Para Castelar, o déficit da Previdência Social crescerá, ao mesmo tempo que a pressão de gastos por educação diminuirá com a redução do número de crianças. Do ponto de vista privado, Castelar também prevê “a abertura de um conjunto de possibilidades”. Para ele, os setores de previdência complementar, saúde privada e serviços de lazer para idosos com renda maior terão “potencial de crescimento”.

A agência Freeway já aposta no nicho. Lançou no fim do ano passado novos pacotes de ecoturismo para idosos. “Estamos recriando roteiros para as necessidades da terceira idade”, conta o diretor Edgar Werblowsky. Foram incluídas atividades como “caminhada suave em bosques” e o chamado bird watching” (observação de pássaros). “A atividade, muito adotada nos Estados Unidos, é acompanhada por especialistas em aves”, diz Werblowsky.

A professora aposentada Maria Luiza de Andrade Britto, de 67 anos, vive com pensão própria e a do marido falecido, menores do que o valor pelo qual contribuíram. Mas não se queixa tanto; considera-se privilegiada. “Apesar das dificuldades, tenho onde morar”, diz. “Quando preciso, meu filho ajuda. Tenho amigas que trabalham como doméstica para completar a renda”, afirma a aposentada, que participa da Universidade da Terceira Idade da Universidade Estadual do Rio de Janeiro.

Prestes a completar 72 anos, o metalúrgico aposentado Fernando Moura de Souza classifica a pensão de R$ 376 que recebe mensalmente como “uma vergonha”. Conta que só consegue levar uma vida tranqüila porque complementa a renda com quatro pequenos imóveis alugados. “Tive a ajuda dos meus filhos para formar um patrimônio antes de me aposentar porque sabia que a vida de aposentado era muito difícil.”

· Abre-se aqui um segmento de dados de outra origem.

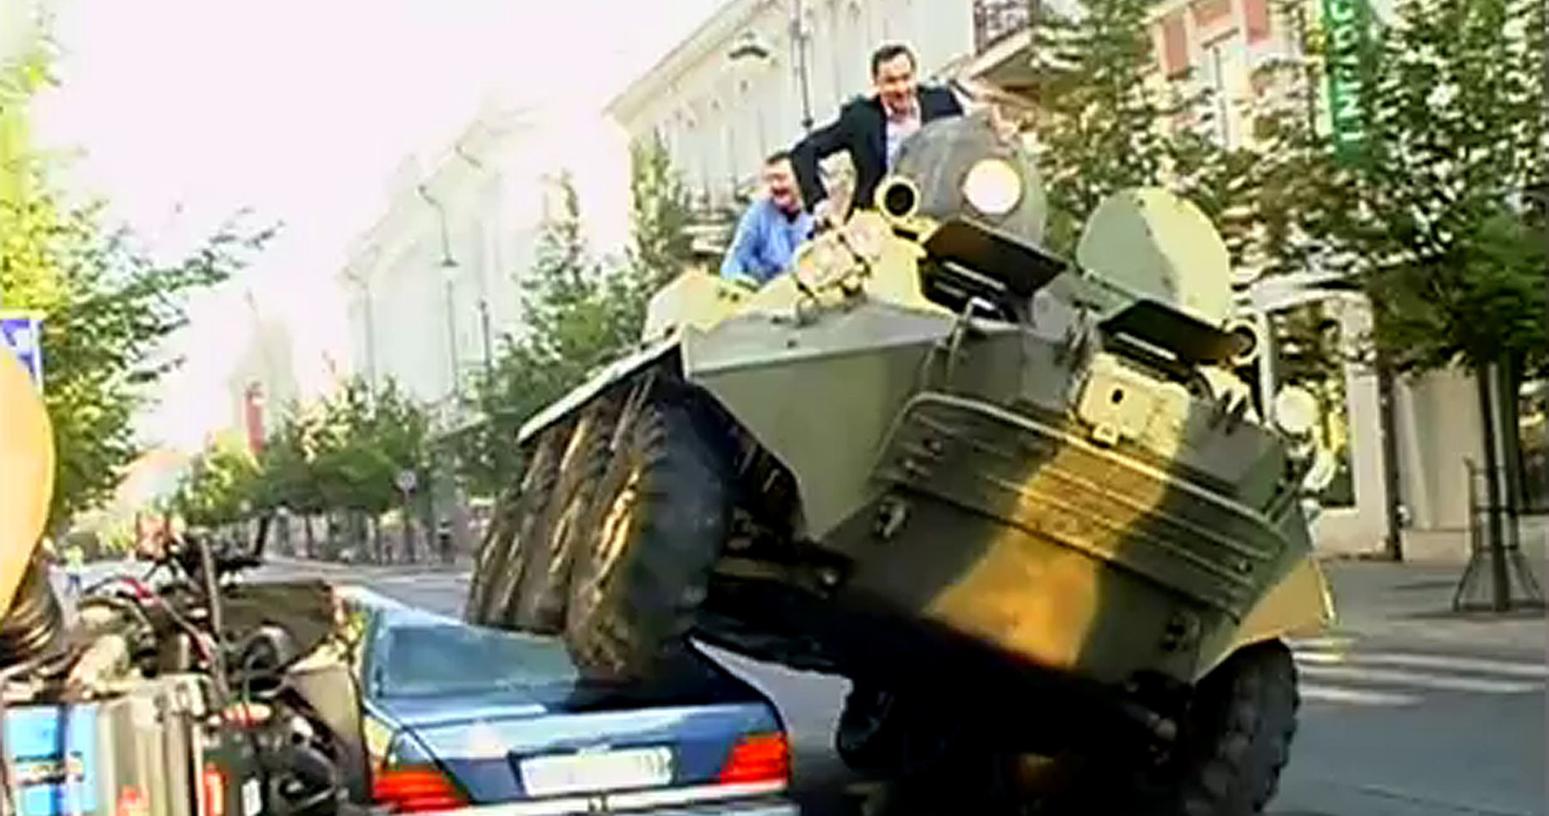 PR-Aktion mit Panzer: Bürgermeister walzt Parksünder nieder

Com base nos dados da Síntese de Indicadores, no período de 2005 a 2025, o País chegará a ter 63,2% da população total com idade entre 15 e 60 anos. Em 2000, essa participação era de 61,8%. Significa que mais brasileiros estarão trabalhando, o que pode ajudar a melhorar a relação do Produto Interno Bruto (PIB) per capita. A questão, contudo, é que para isso é necessário que estejam trabalhando, explica o especialista em mercado de trabalho do Ipea, Lauro Ramos.